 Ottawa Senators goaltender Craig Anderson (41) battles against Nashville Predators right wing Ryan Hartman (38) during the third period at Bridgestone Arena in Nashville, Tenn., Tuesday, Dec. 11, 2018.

====================

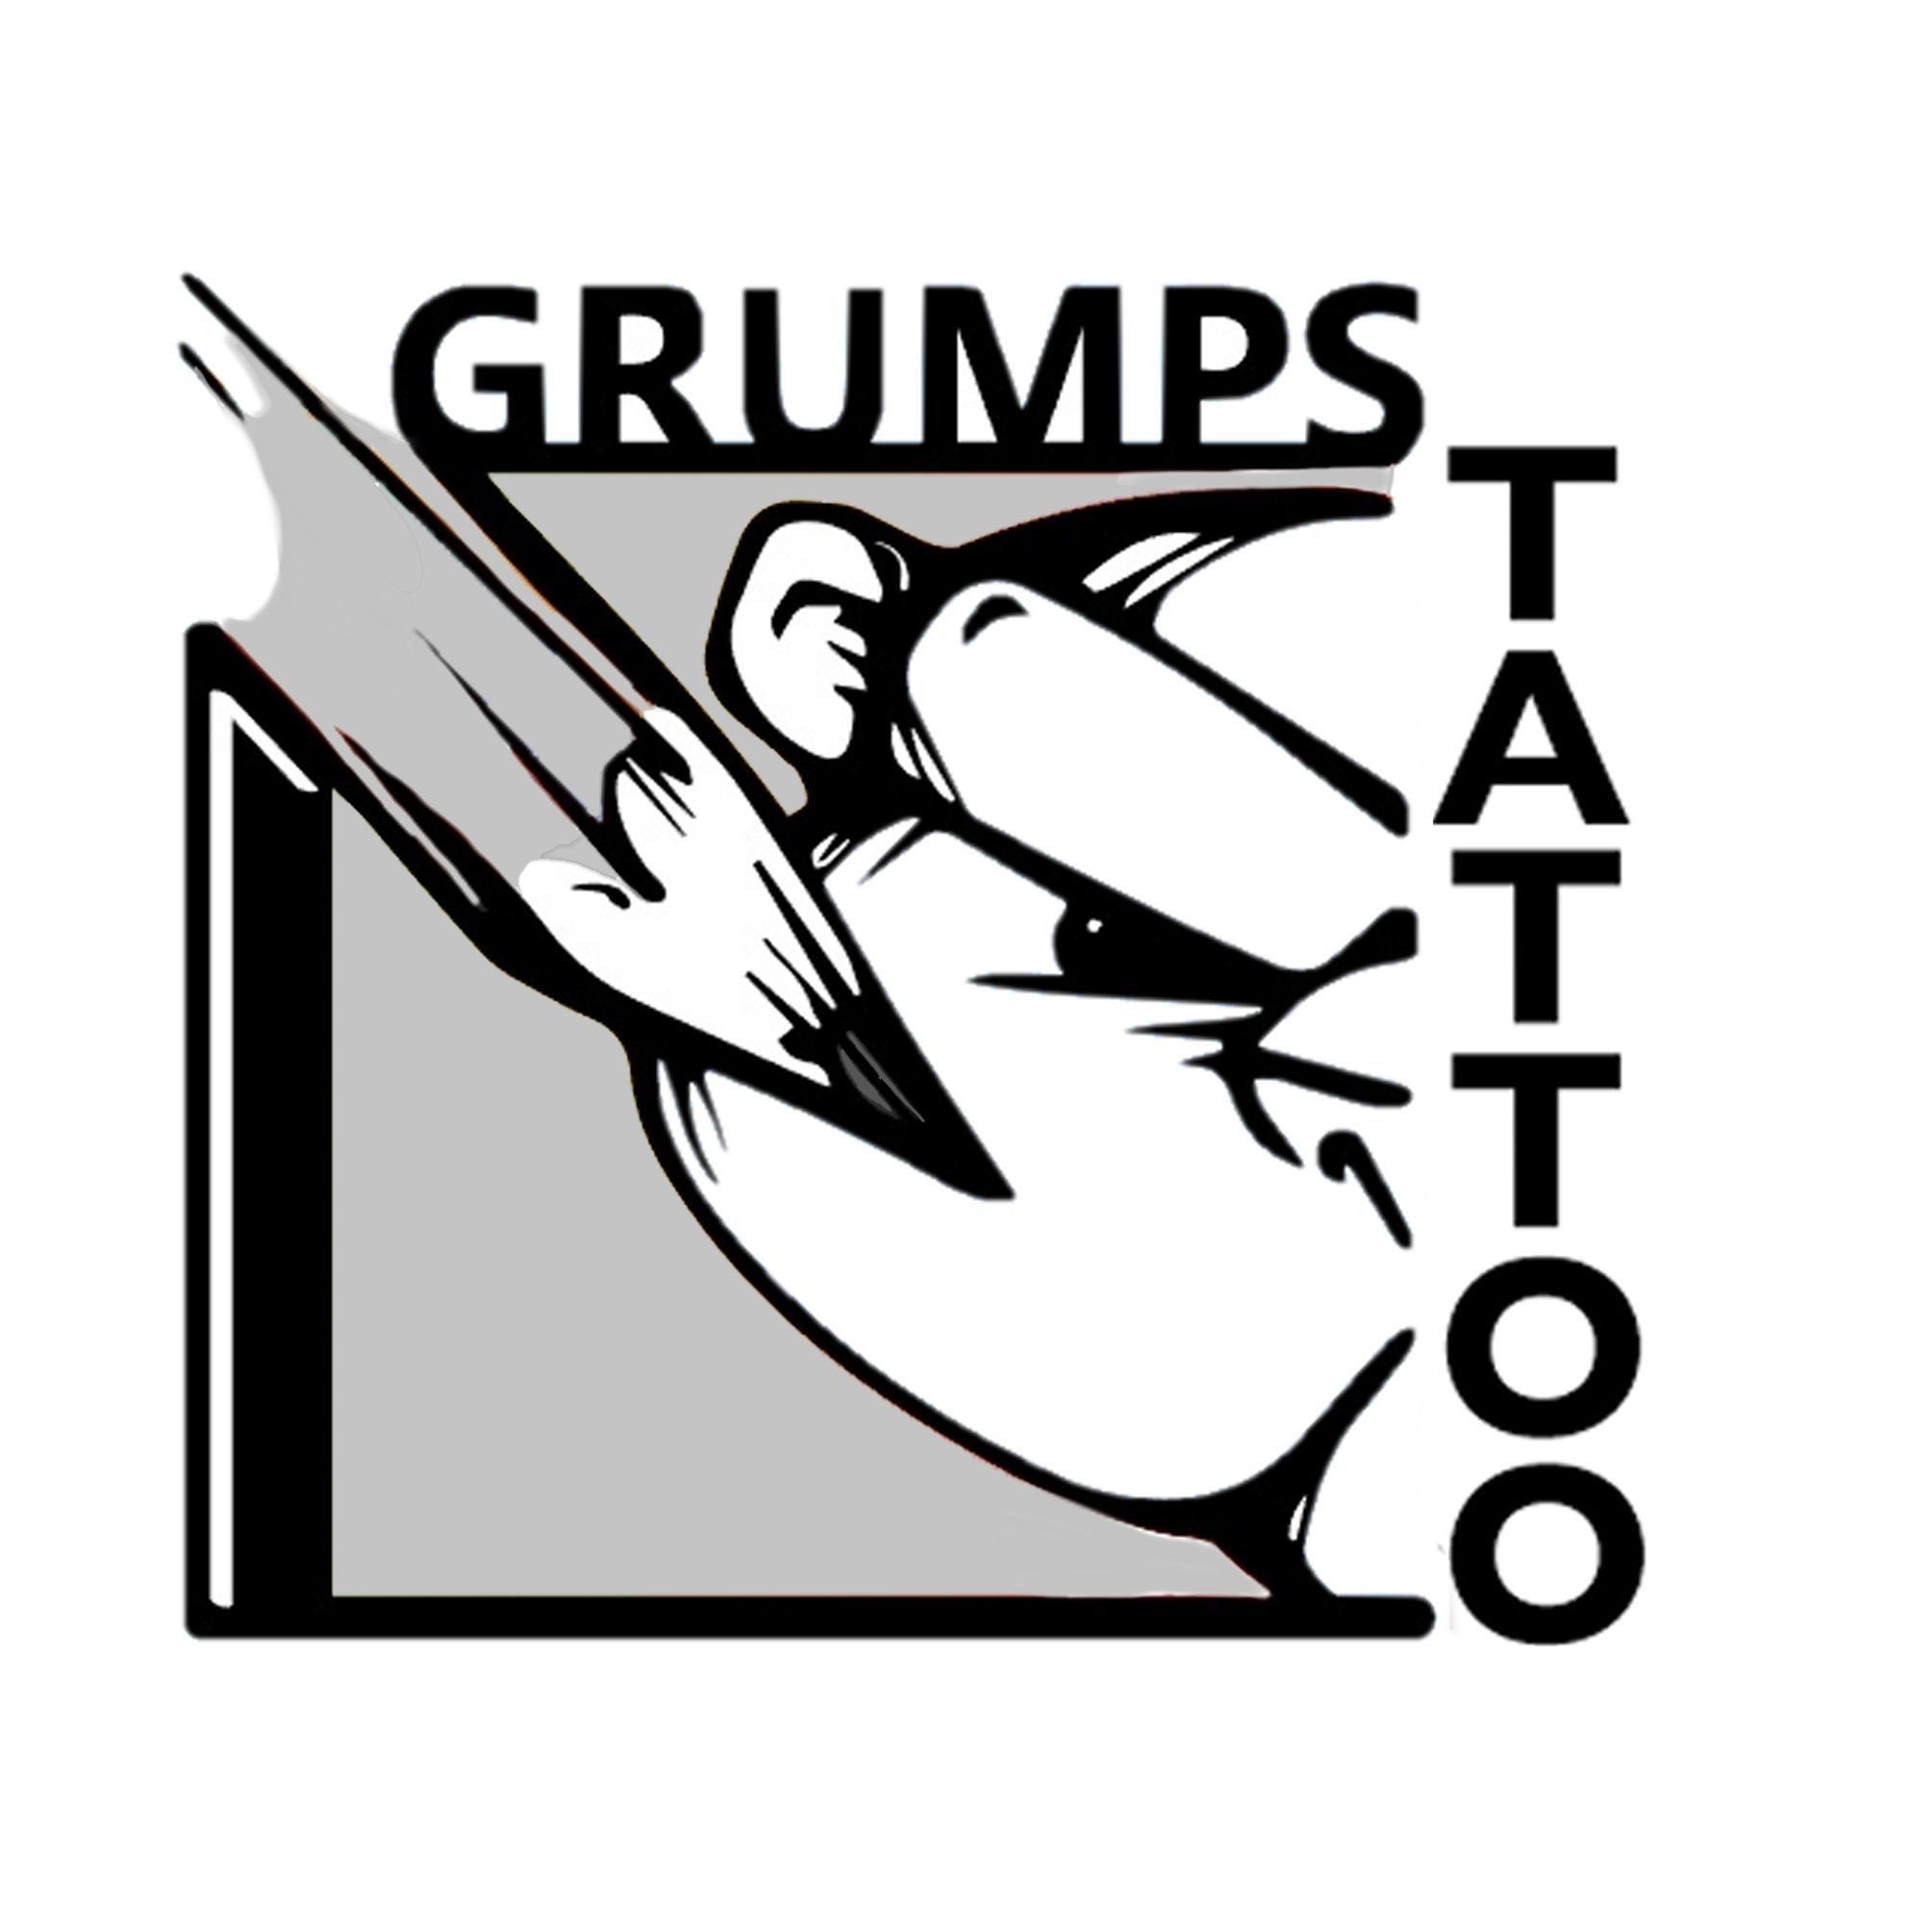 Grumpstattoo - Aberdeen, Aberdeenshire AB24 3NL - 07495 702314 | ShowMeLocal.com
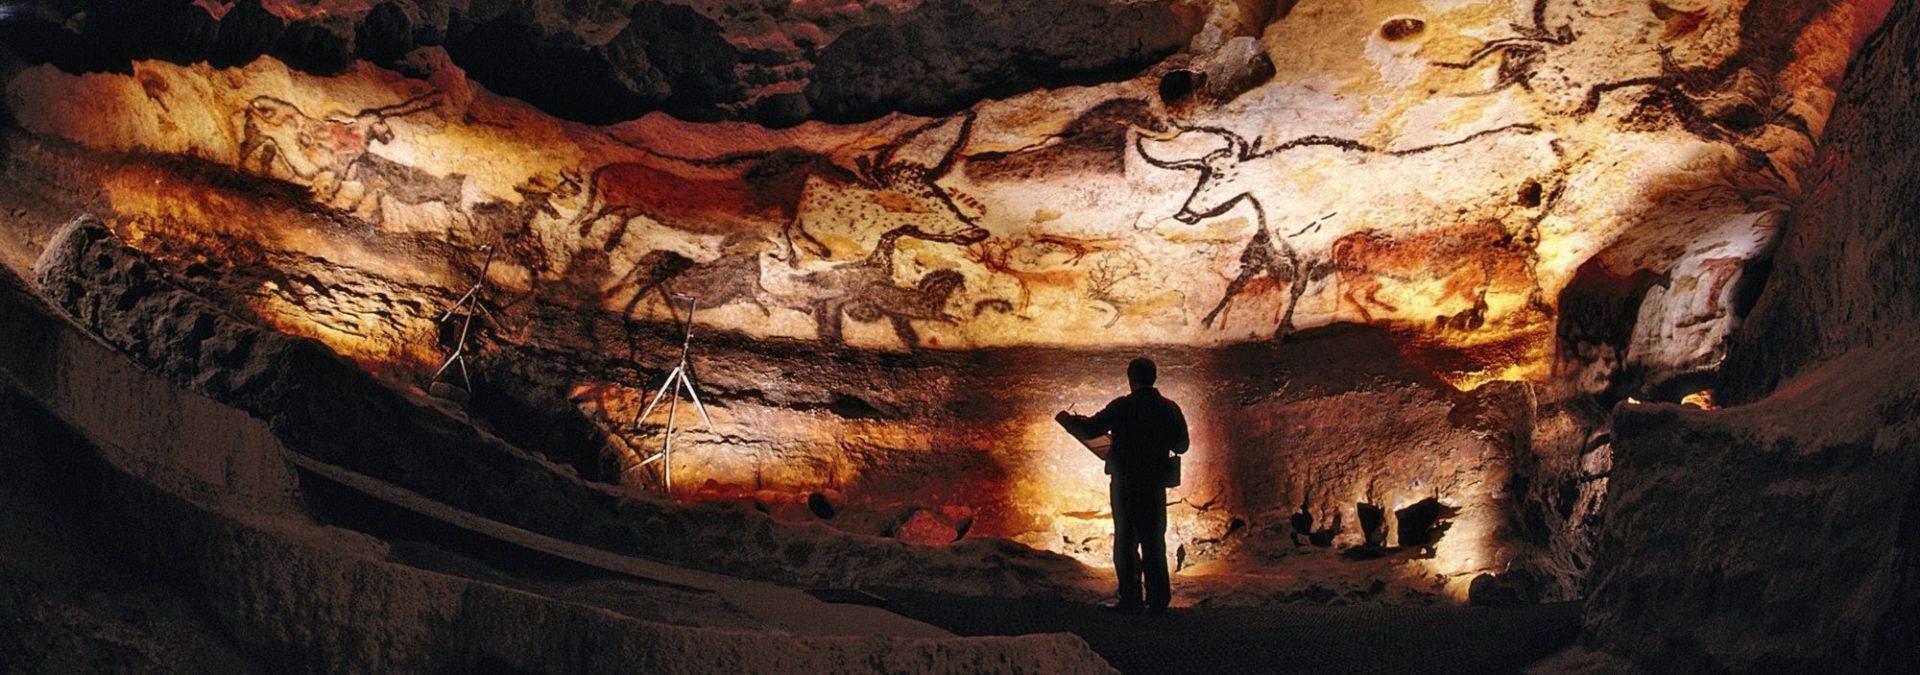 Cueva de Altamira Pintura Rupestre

====================

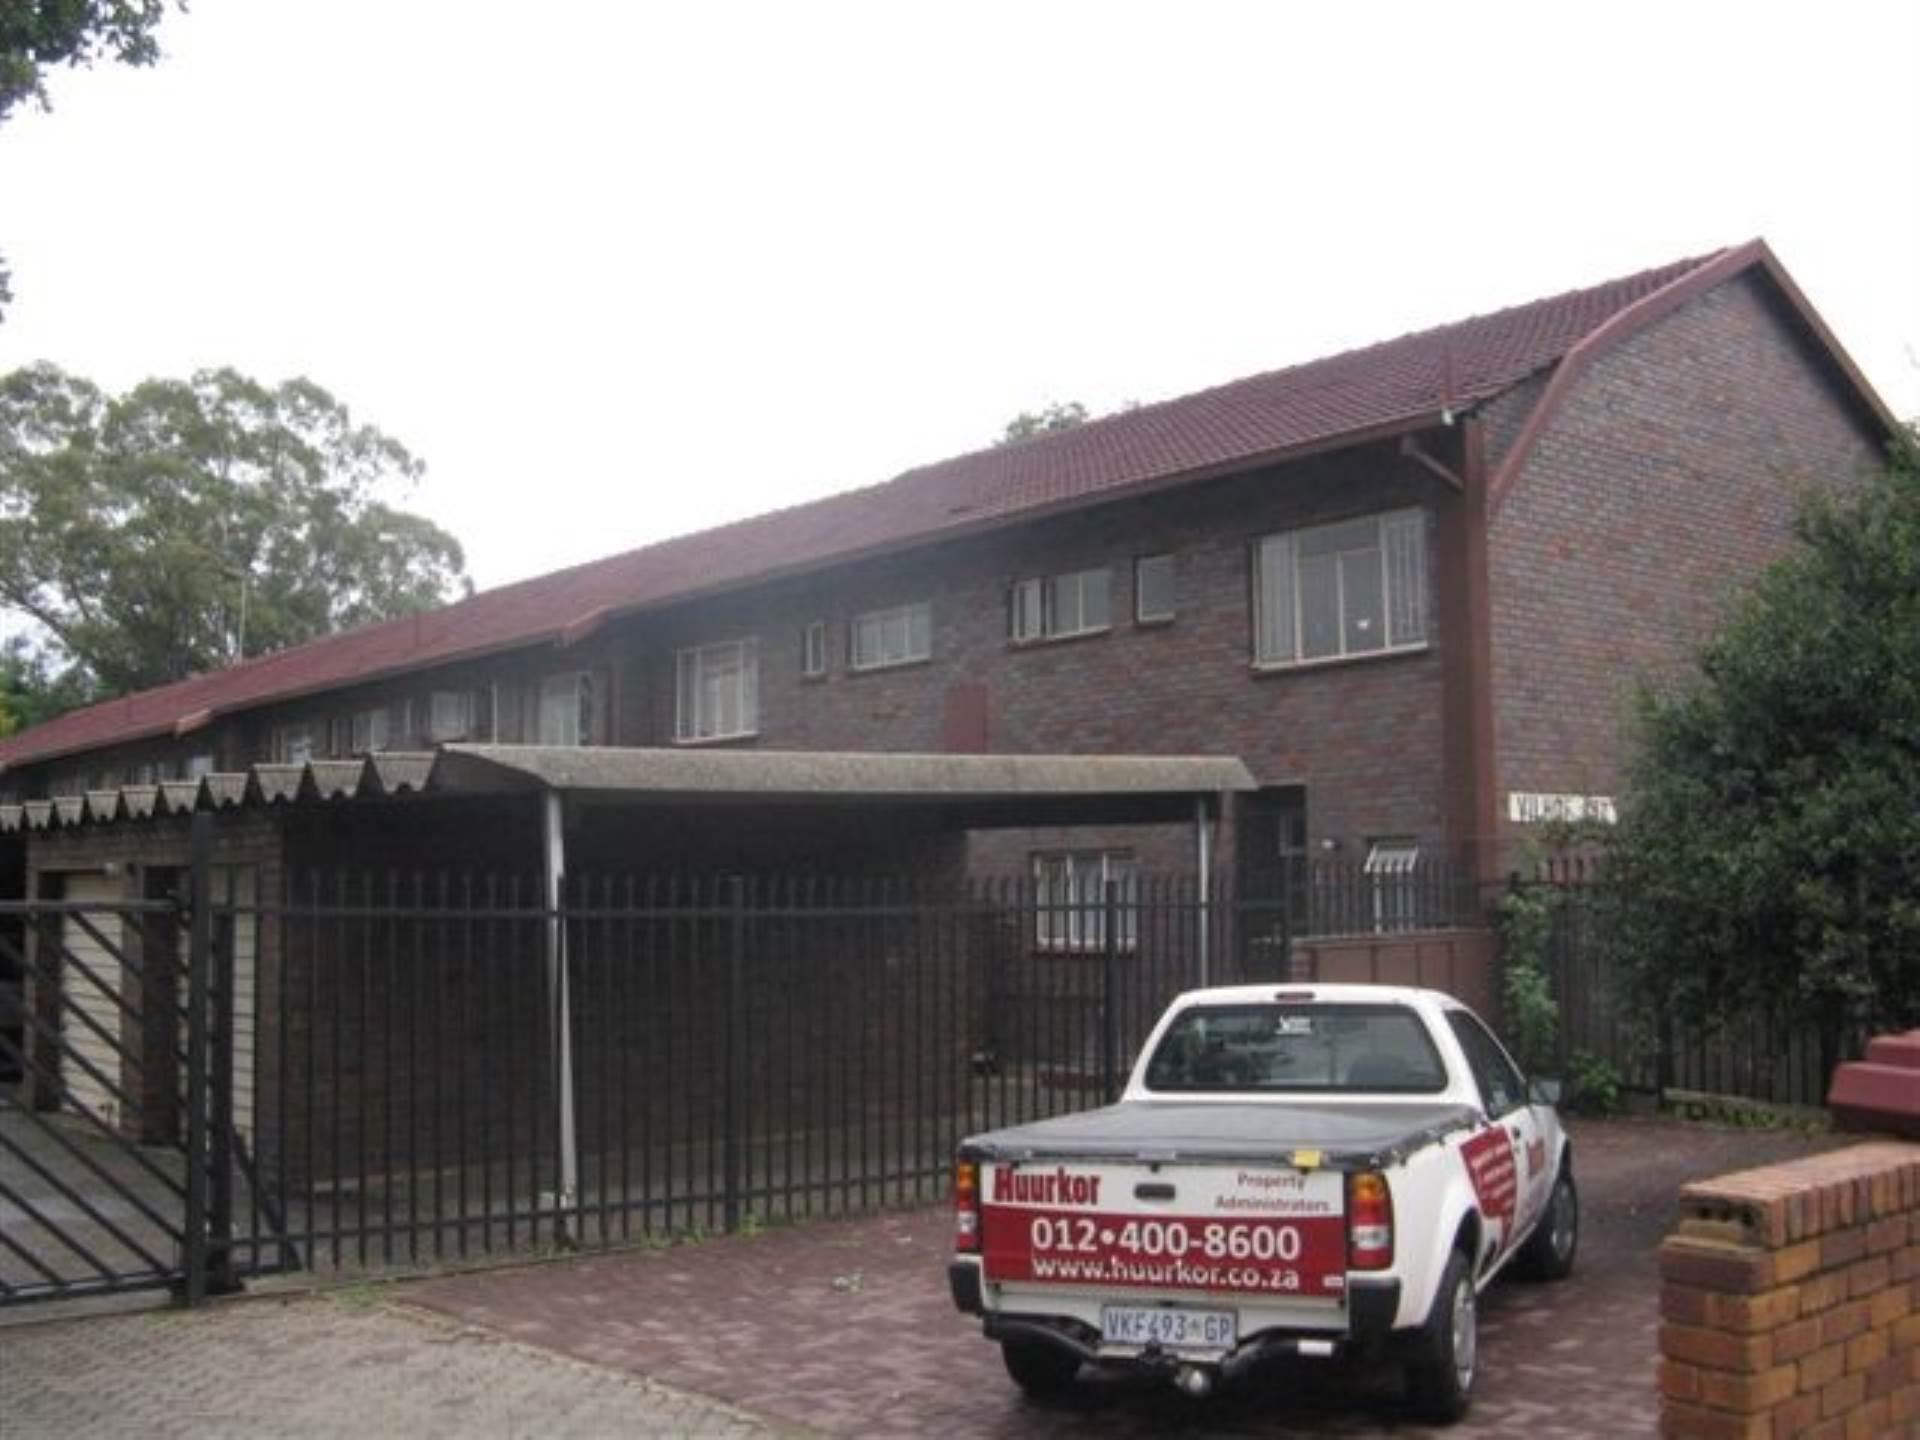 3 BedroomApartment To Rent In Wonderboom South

====================

Exercise:
Reproduce exactly, with no pictures, the lines above from the one holding "Grumpstattoo - Aberdeen, Aberdeenshire" to the one holding "Cueva de Altamira Pintura Rupestre", inclusive.

Output:
 Grumpstattoo - Aberdeen, Aberdeenshire AB24 3NL - 07495 702314 | ShowMeLocal.com
 Cueva de Altamira Pintura Rupestre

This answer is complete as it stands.